* _Instructions to follow_: The response must be the exact lines from the one that contains "VW Golf TDi in snow - Stock Image" through the end of the material, with no pictures and no additional lines.

[Given material — start]

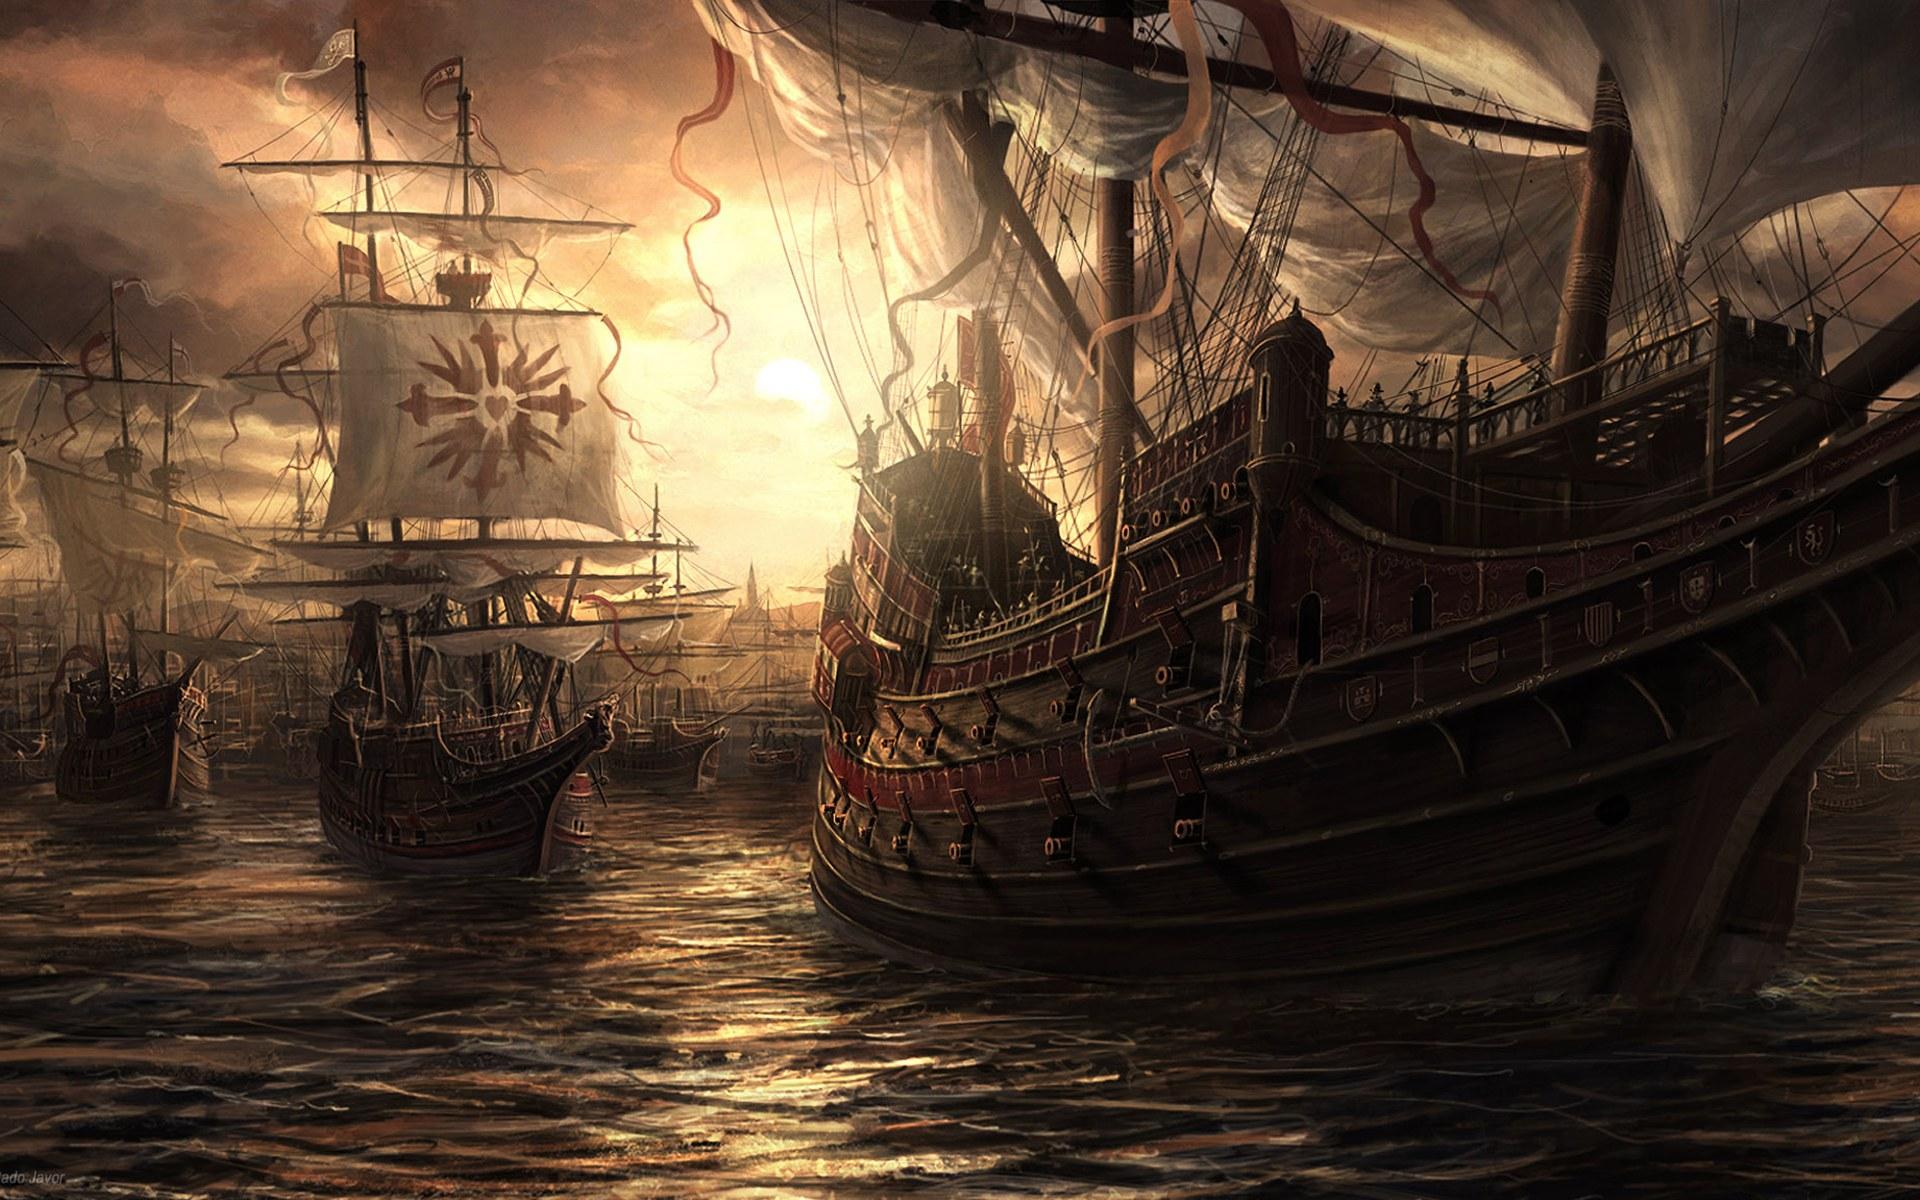 Fantasy Art Scenery by Rado Javor 1920 x 1200 Download Close 1920x1200
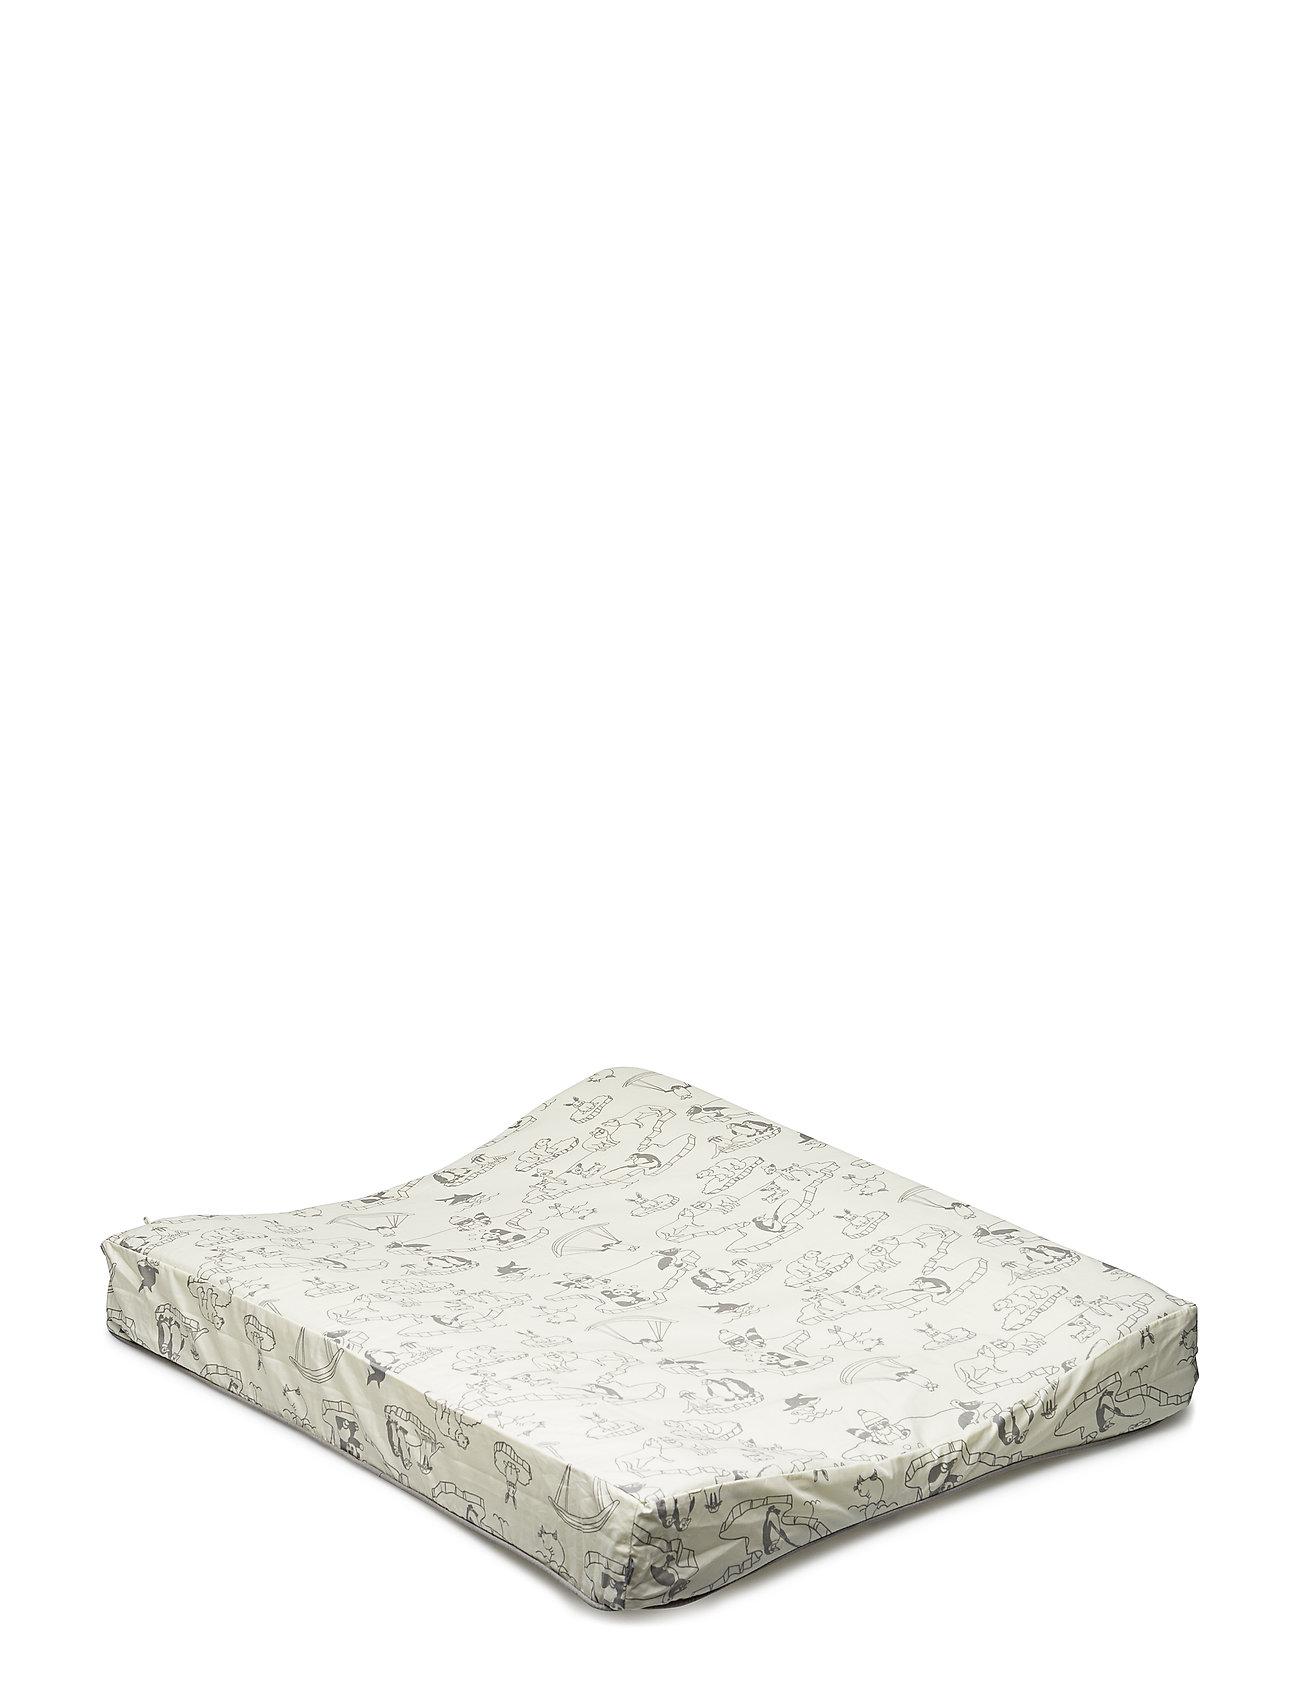 smã¥folk – Changing pad cover. gots på boozt.com dk
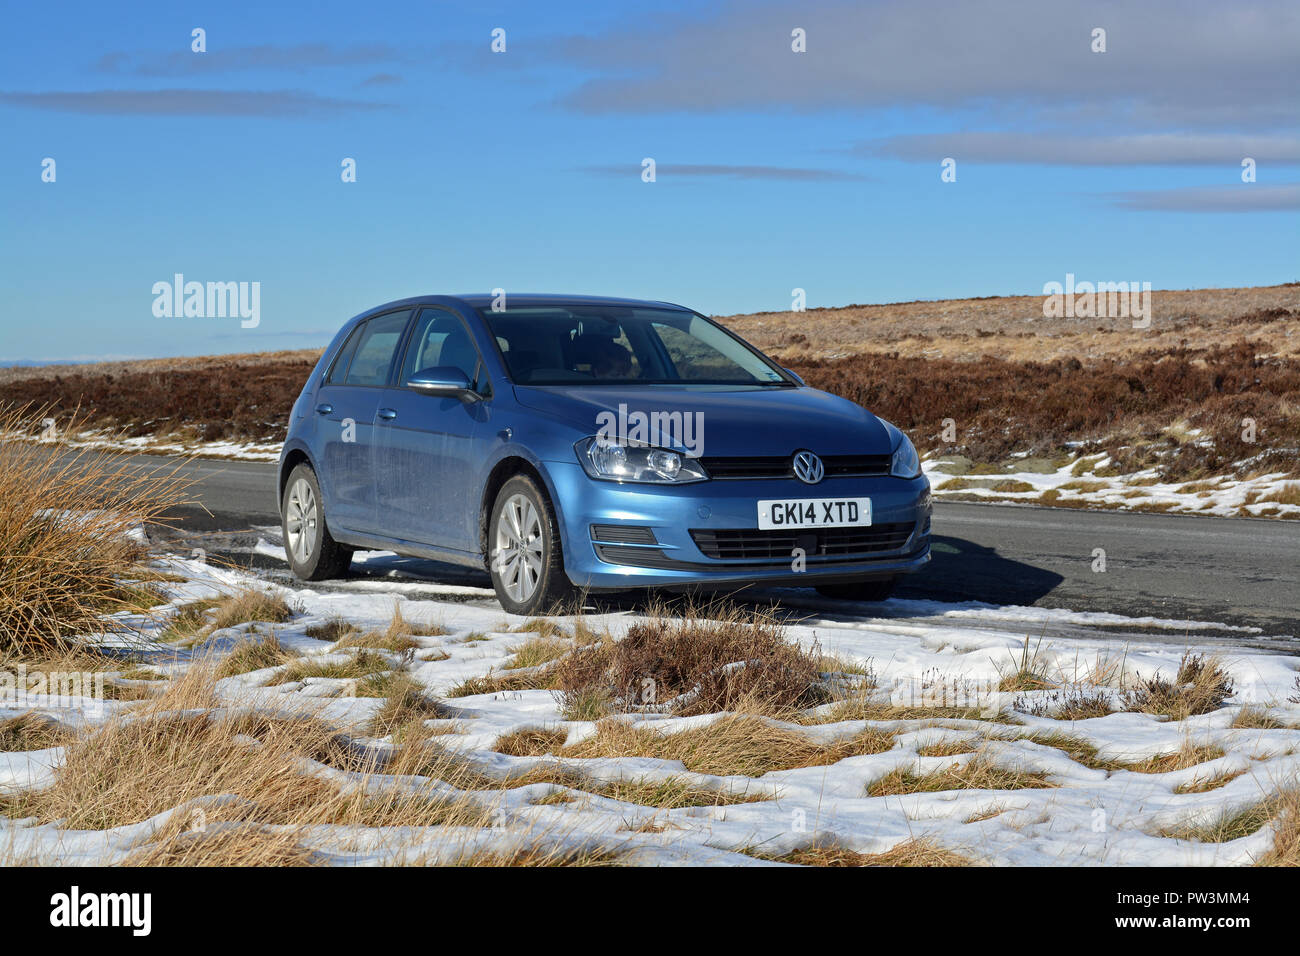 VW Golf TDi in snow - Stock Image
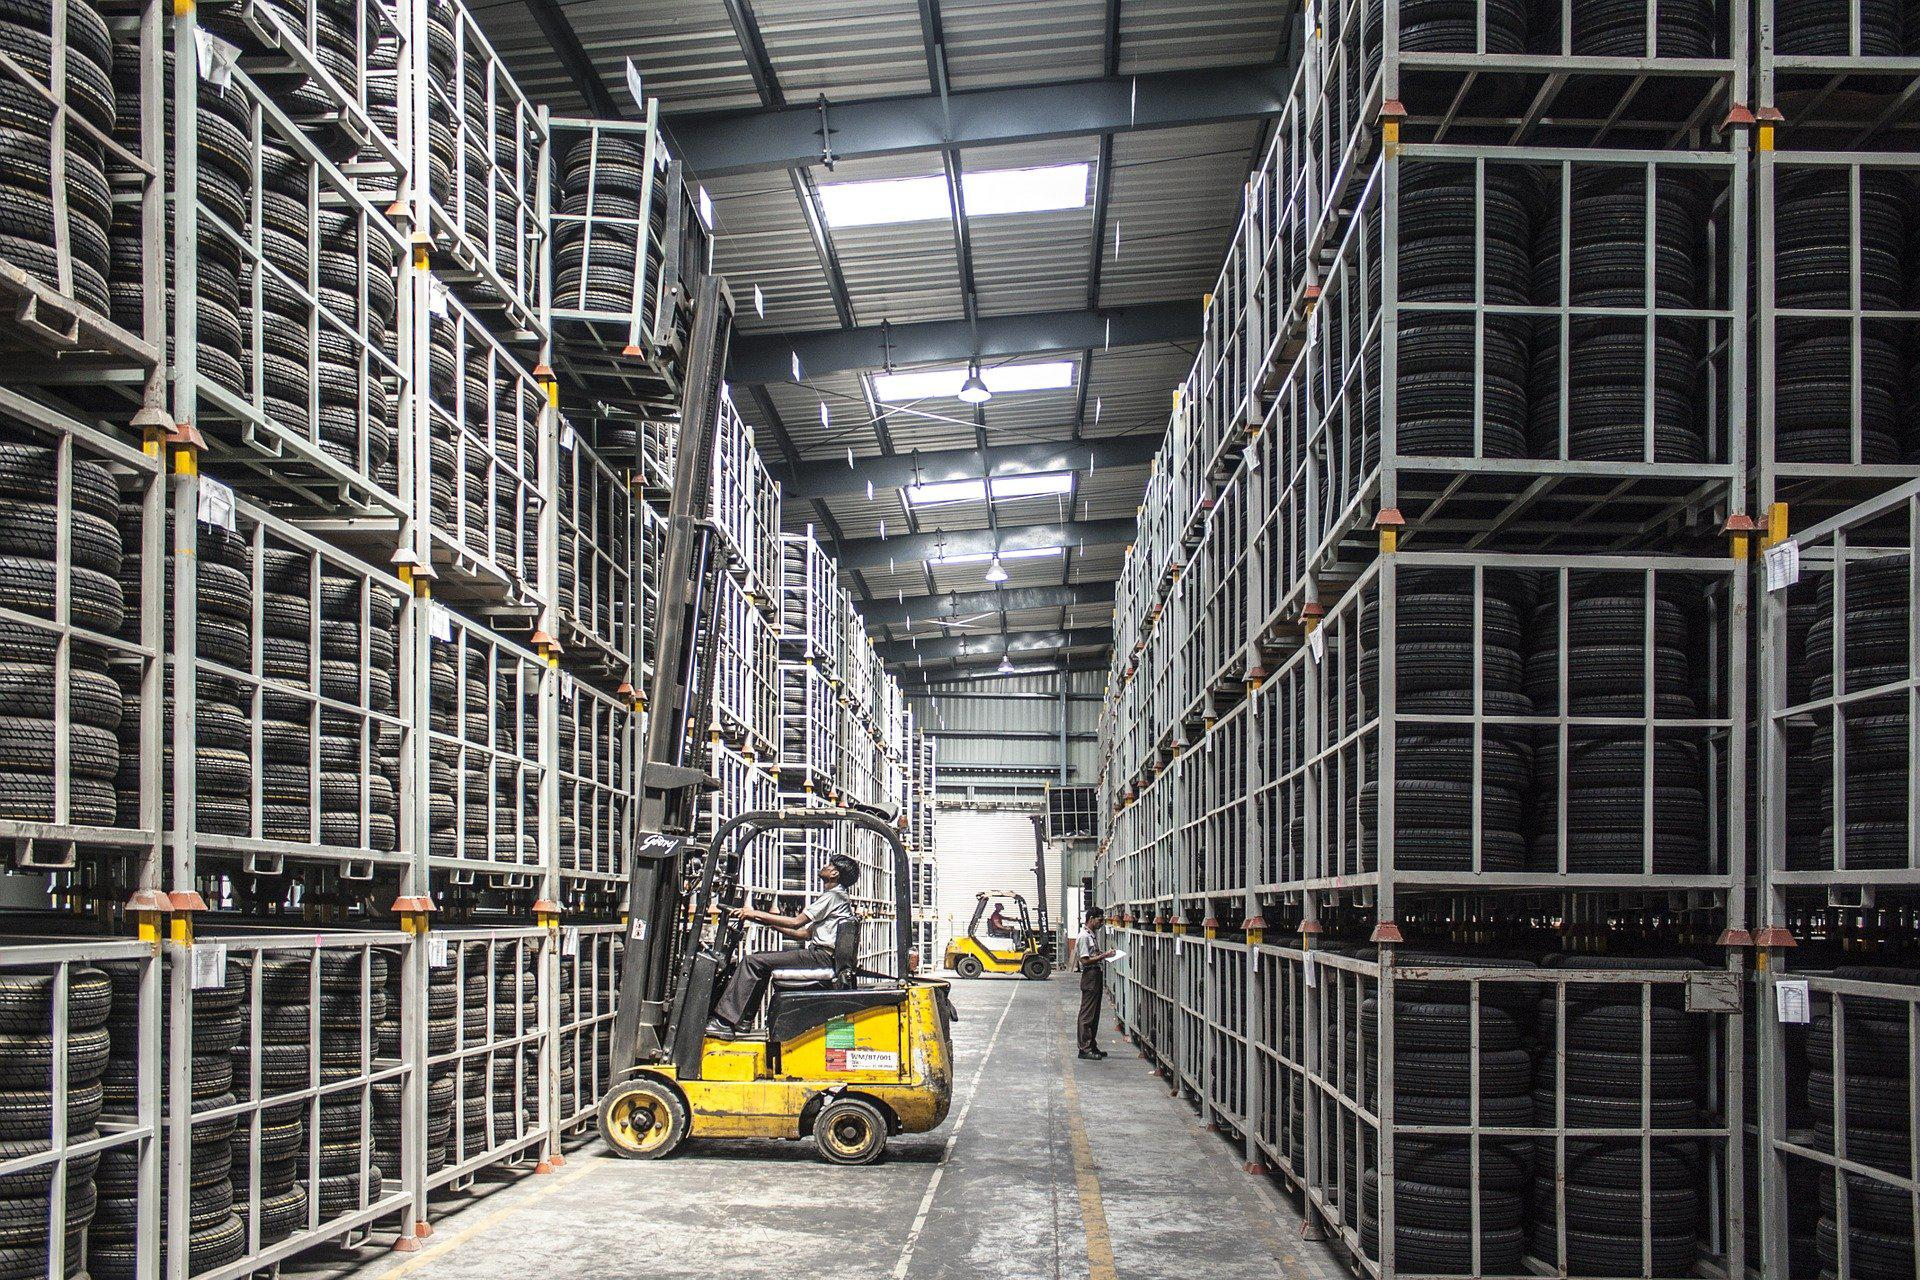 Евразийская экономическая комиссия рекомендовала методы и процедуры определения таможенной стоимости товаров

[Given material — finish]

* _Answer for this exercise_:
 VW Golf TDi in snow - Stock Image
 Евразийская экономическая комиссия рекомендовала методы и процедуры определения таможенной стоимости товаров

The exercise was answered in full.